REL 4: How do you design interactions in a distributed system to prevent failures?
Distributed systems rely on communications networks to interconnect components, such as servers or services. Your workload must operate reliably despite data loss or latency in these networks. Components of the distributed system must operate in a way that does not negatively impact other components or the workload. These best practices prevent failures and improve mean time between failures (MTBF).
Resources
AWS re:Invent 2019: Moving to event-driven architectures (SVS308)
AWS re:Invent 2018: Close Loops and Opening Minds: How to Take Control of Systems,
Big and Small ARC337 (includes loose coupling, constant work, static stability)
AWS New York Summit 2019: Intro to Event-driven Architectures and Amazon EventBridge
(MAD205)
What Is Amazon EventBridge?
What Is Amazon Simple Queue Service?
Amazon EC2: Ensuring Idempotency
The Amazon Builders' Library: Challenges with distributed systems
Best Practices:
-
Identify which kind of distributed system is required: Hard real-time distributed systems require responses to be given synchronously and rapidly, while soft real-time systems have a more generous time window of minutes or more for response. Offline systems handle responses through batch or asynchronous processing. Hard real-time distributed systems have the most stringent reliability requirements.
-
Implement loosely coupled dependencies: Dependencies such as queuing systems, streaming systems, workflows, and load balancers are loosely coupled. Loose coupling helps isolate behavior of a component from other components that depend on it, increasing resiliency and agility
-
Make all responses idempotent: An idempotent service promises that each request is completed exactly once, such that making multiple identical requests has the same effect as making a single request. An idempotent service makes it easier for a client to implement retries without fear that a request will be erroneously processed multiple times. To do this, clients can issue API requests with an idempotency token—the same token is used whenever the request is repeated. An idempotent service API uses the token to return a response identical to the response that was returned the first time that the request was completed.
-
Do constant work: Systems can fail when there are large, rapid changes in load. For example, a health check system that monitors the health of thousands of servers should send the same size payload (a full snapshot of the current state) each time.
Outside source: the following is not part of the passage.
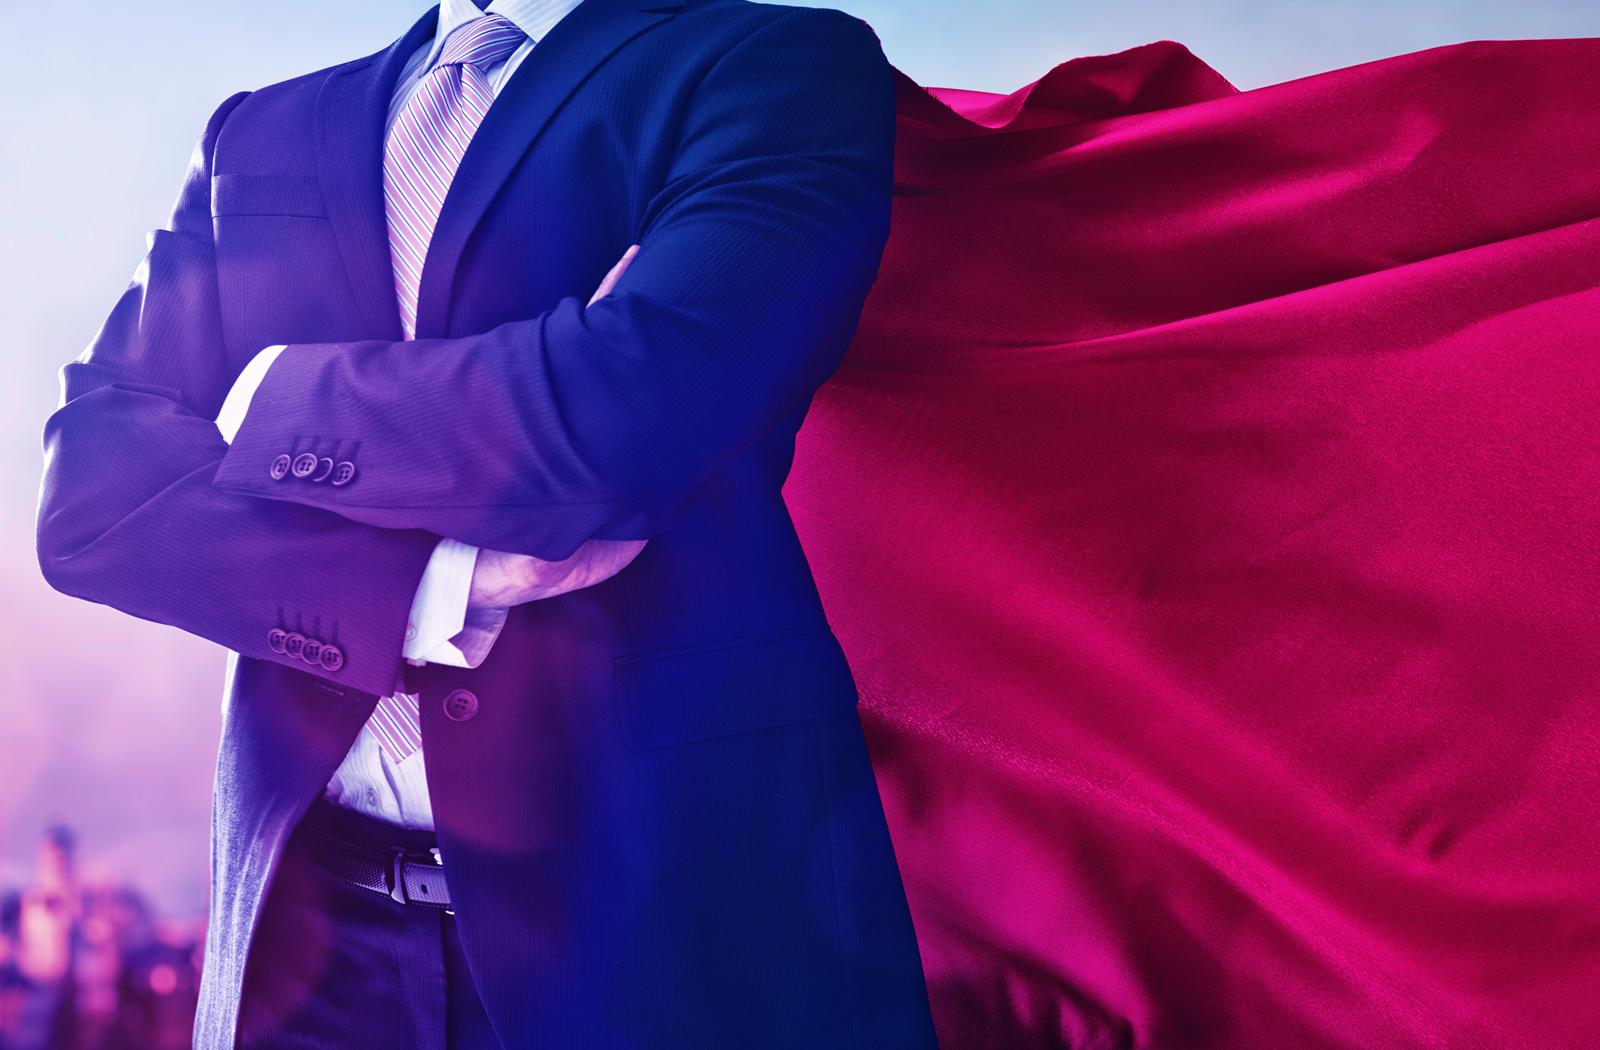 superman_1-1600x1050

Whether no servers are failing, or all of them, the health check system is doing constant work with no large, rapid changes.
Improvement Plan
Identify which kind of distributed system is required
The Amazon Builders' Library: Challenges with distributed systems
- Hard real-time distributed systems require responses to be given synchronously and rapidly.
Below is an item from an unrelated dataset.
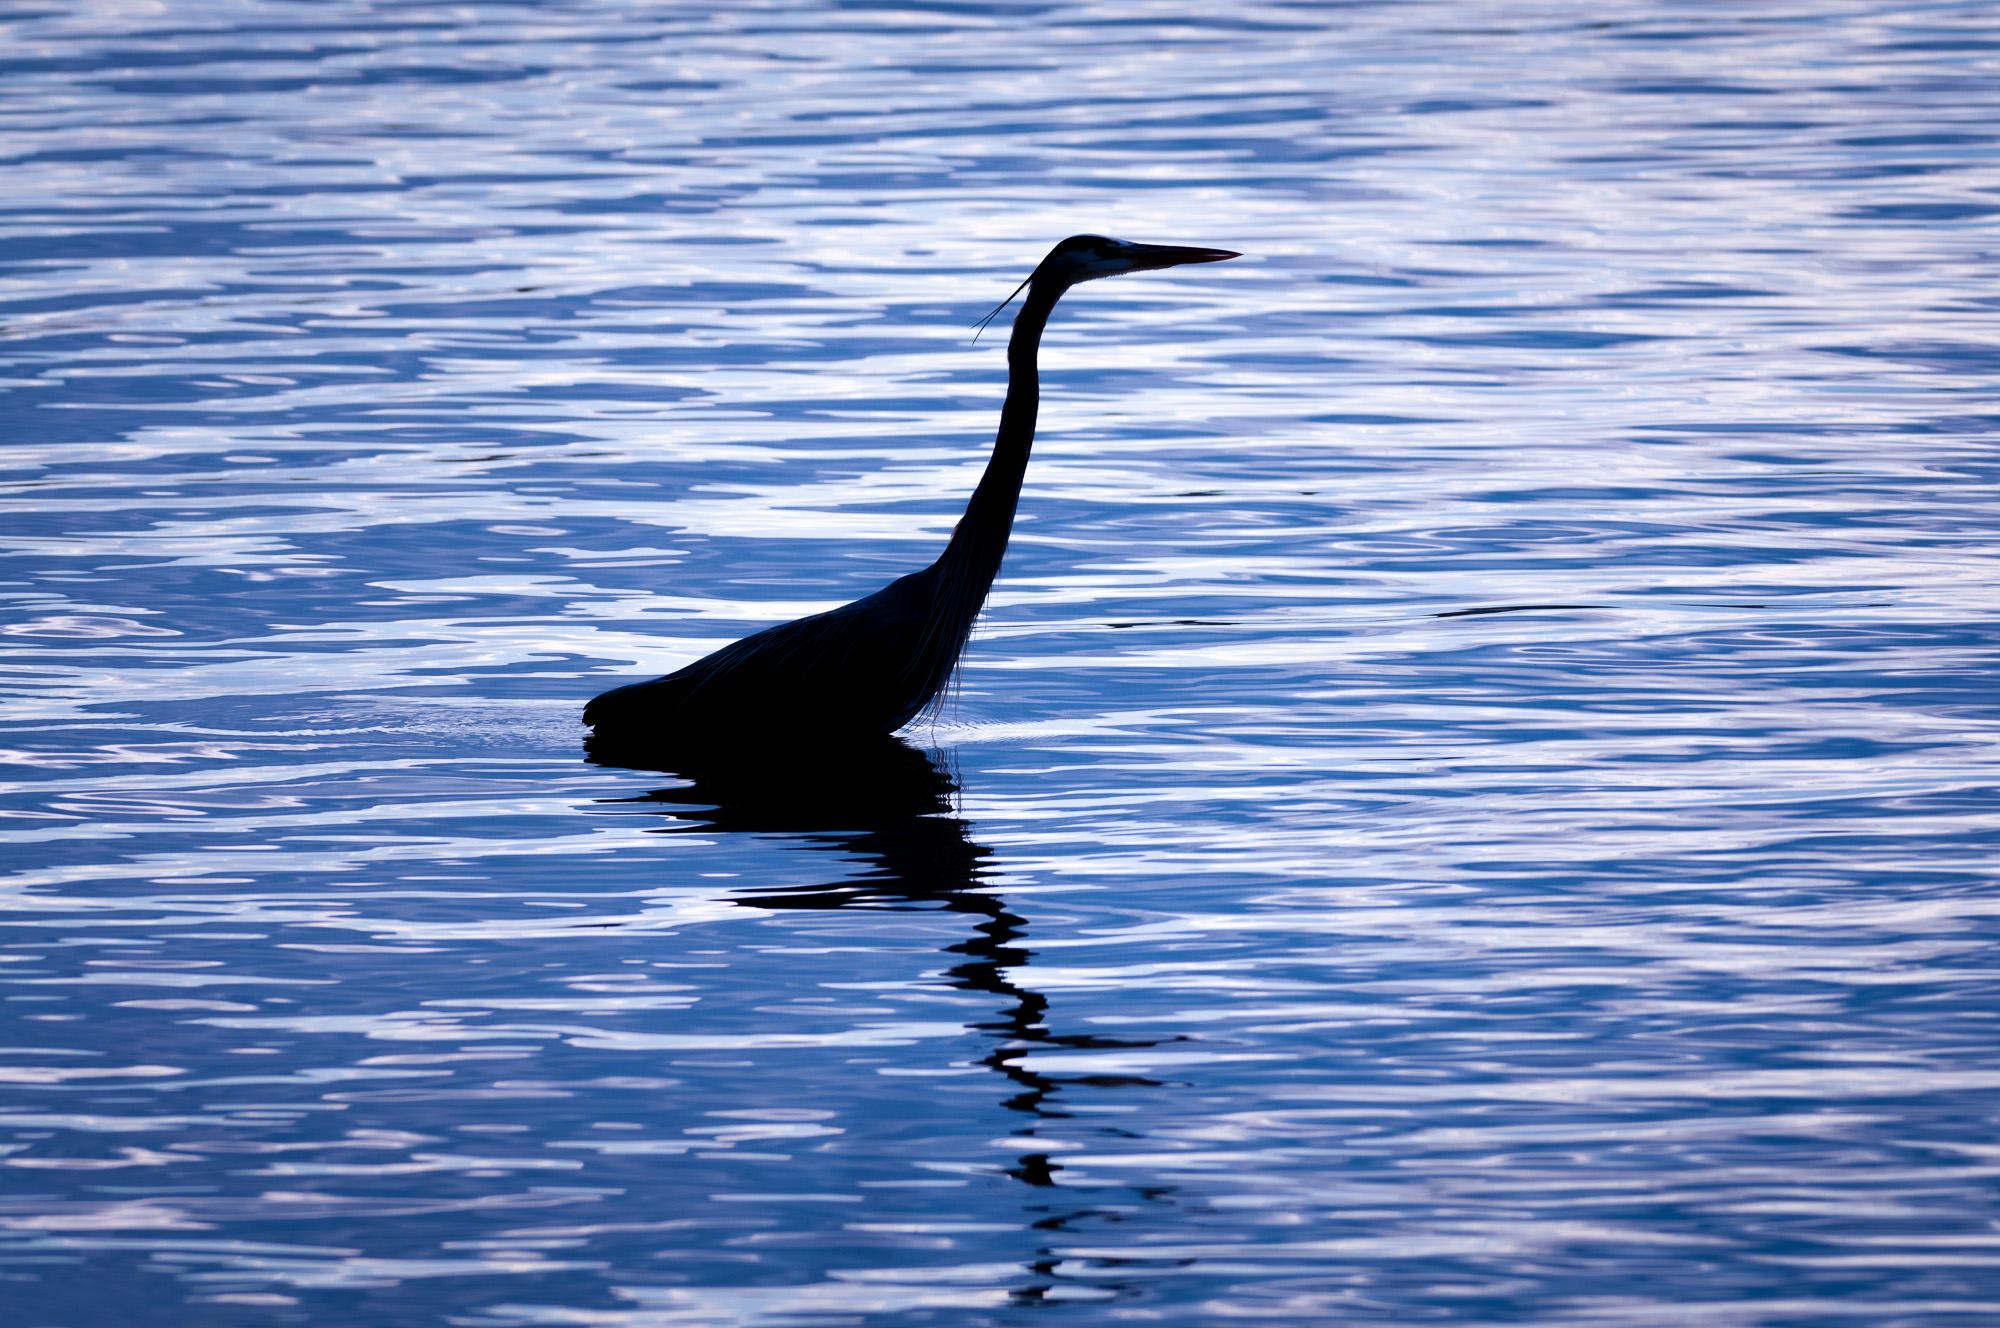 Great Blue Heron in Silhouette

- Soft real-time systems have a more generous time window of minutes or greater for response
- Offline systems handle responses through batch or asynchronous processing.
- Hard real-time distributed systems have the most stringent reliability requirements.
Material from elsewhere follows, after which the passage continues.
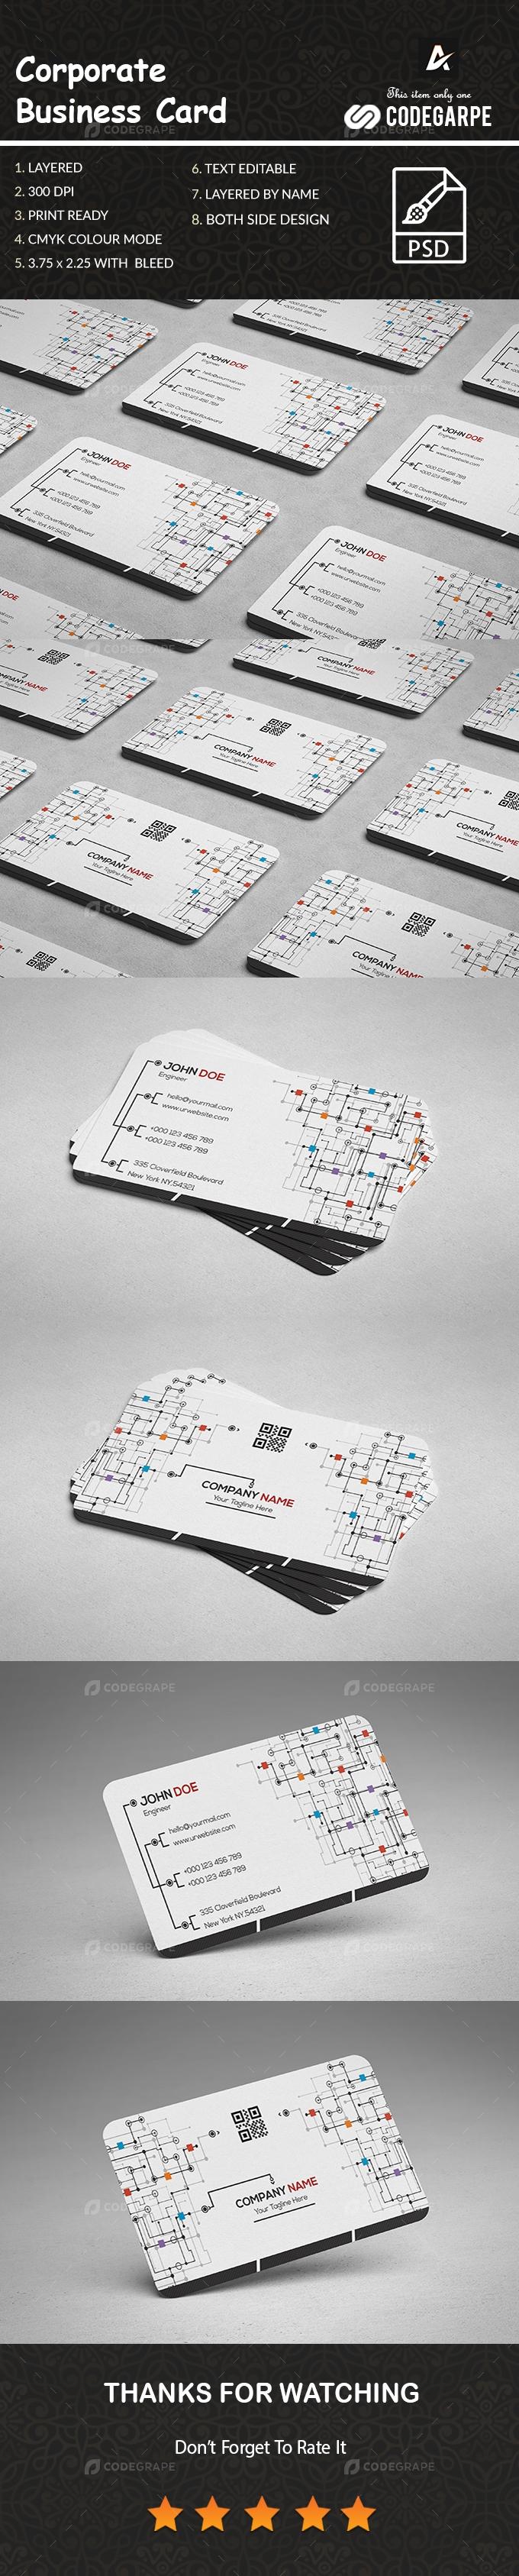 Corporate Business Card [VOL-6]

Implement loosely coupled dependencies
AWS re:Invent 2019: Moving to event-driven architectures (SVS308)
What Is Amazon EventBridge?
What Is Amazon Simple Queue Service?
- Amazon EventBridge allows you to build event driven architectures, which are loosely coupled and distributed
AWS New York Summit 2019: Intro to Event-driven Architectures and Amazon EventBridge (MAD205) - If changes to one component force other components that rely on it to also change, then they are tightly coupled. Loose coupling breaks this dependency so that dependency components only need to know the versioned and published interface.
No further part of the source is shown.